Talking of Hillingdon. It looks like we’re staying in the flat for the forseeable future. The housing manager has gone on holiday until September and the colleague he handed our case over to has also gone on holiday now. There’s nobody around. Again, I start to let my mind wander. Has this latest delay been orchestrated until after the tribunal delivers its judgement? Supposing the appeal is upheld – that would look pretty bad on Hillingdon, that they had made another wrong decision that has set off a whole series of events, culminating in Steven losing his home. Perhaps, suitable properties are still thin on the ground after eleven months. Perhaps it’s a damage limitation exercise on their part.

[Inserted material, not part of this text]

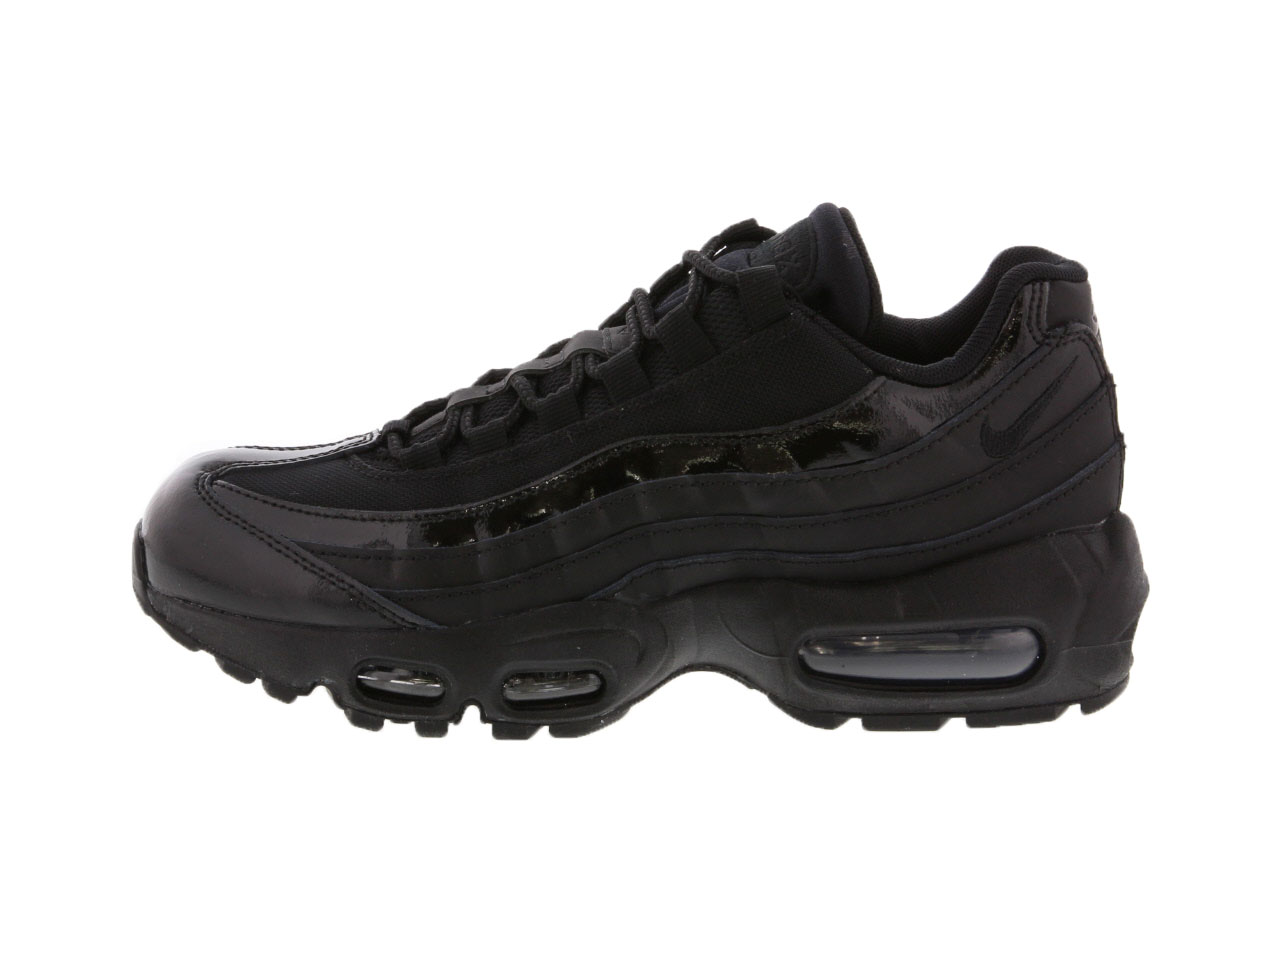 【20%OFF!】NIKE WOMENS AIR MAX 95(307960-010)【ナイキ ウィメンズ エアマックス95】【レディースファッション】【シューズ】【靴】【スニーカー】【フットウェア】

Leicester county council don’t want to speak to me either. Or rather they don’t seem to want to pay me for the DoLs conference I spoke at on 13th June. I’m still waiting for payment plus the reimbursement of expenses two and a half months later. Apparently, the council’s payments function is outsourced to a private company and the department who commissioned my services don’t have access to the company who makes the payments! I’m told the “system” shows paid but they cannot make direct enquiries as to what has happened to it. Checkmate. And no cheque mate. But that’s leaner, more efficient services for you.

I always thought that systems are there to serve people. In all of these things I couldn’t be more invisible or mute.


From → Social Care

  1. Pat permalink

    With regard to your payment from Leicester, what they’re telling you is rubbish. The ‘private’ company who makes their payments is a company set up by Leicester CC and Nottingham City Council and of course they can find out what has happened to your cheque. They still have input into the running of the ‘company’, hassle them, they can sort it out for you if they try!!

  2. Send a “final letter before action” telling them that they are supposed to be paying promptly and that you have been reasonable, tell them that unless payment in full is received within ten working days then you will commence county court proceedings, which will add substantial costs and of course statutory interest (and embarrassment!)

  3. sparrow permalink

    Hi – it’s that powerless feeling that’s the worst thing. People deliberately or inadvertently pulling your strings. I would be the same – trying to work out why this, that or the other was happening. Hopes up, hopes down. It’s something I really resent. I hope you get your cheque + that the judgement will be in your favour.

  4. I am someone who was a carers lead and a commissioner in a local authority until a year ago. It saddens me to read this blog, as the people I worked with for many years were truly keen to provide a good service to the public but unfortunately this public service ethos has been eroded almost completely. Constant attacks from politicians, talk of ‘gold plated pensions’ and stereotypes of uncaring, tea drdinking, sickie taking council staff and the outsourcing of many services. I am now a contract worker, I still try to put my professional values first but find increasingly that clients and relatives assume I don’t care about them. I now have to use a Resource allocation tool to assess clients and I have seen them in several areas – they dont work, they are not fair, those who shout loudest get more than those who accept their lot, they do not sufficiently take into account the carer’s needs. I suspect it is all part of the approach signified by ATOS work capability assessments, professionals must not think, they must tick boxes and above all, they must not discuss, disagree, debate or complain if they value their jobs. The excellent senior managers we used to have who came up from the front line have all been pushed out or got out, very often the managers we now have, have no experience of the services they manage.